Sure! One of the biggest questions in real estate right now is whether this historic unemployment rate will bring about a new surge of foreclosures in the market. Despite the staggering number of claims, there are actually many reasons why we won’t see a significant number of foreclosures like we did during the housing crash in 2008.
According to John Burns Consulting, well over half of the homes in America have at least 60% equity. That number is drastically different than it was in 2008 when the housing bubble exploded! The last recession was painful, and when prices dipped, many found themselves owing more on their mortgage than what their home was worth. So at that point, many homeowners just walked away. Today, 42% of all homes in this country are mortgage free – completely paid for, so not at risk for foreclosure. 
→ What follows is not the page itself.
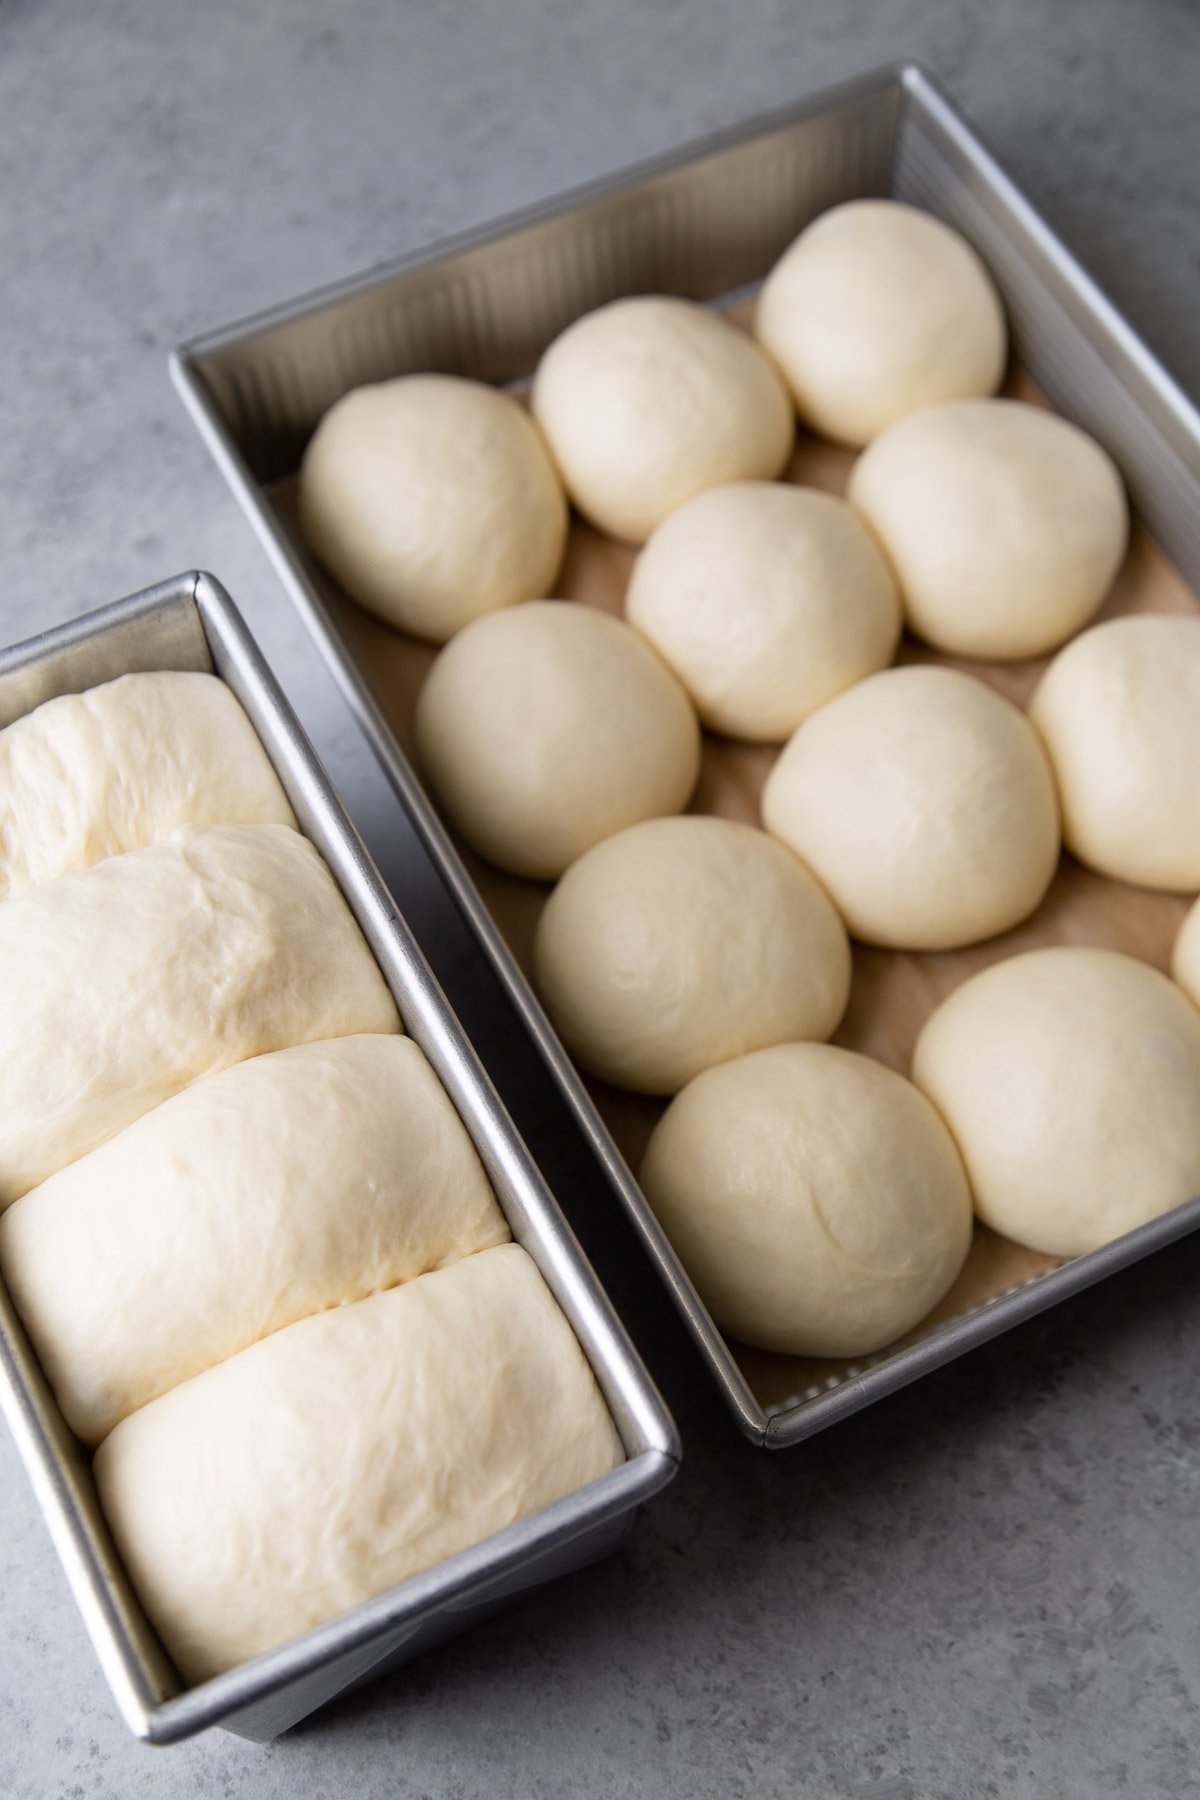 alternate ways to shape milk bread dough including loaf bread or dinner rolls.

In addition, CoreLogic notes the average equity mortgage homes have today is $177,000. That’s a significant amount that homeowners won’t be stepping away from, even in today’s economy. In essence, the amount of equity homeowners have today puts them in a much better place financially than they were in 2008.
The bottom line is, we do feel fear and uncertainty right now, and it’s not going to be easy. We can, however, see strength in the current market through homeowner equity that has not been there in the past. That could be just the encouragement to help us make it through!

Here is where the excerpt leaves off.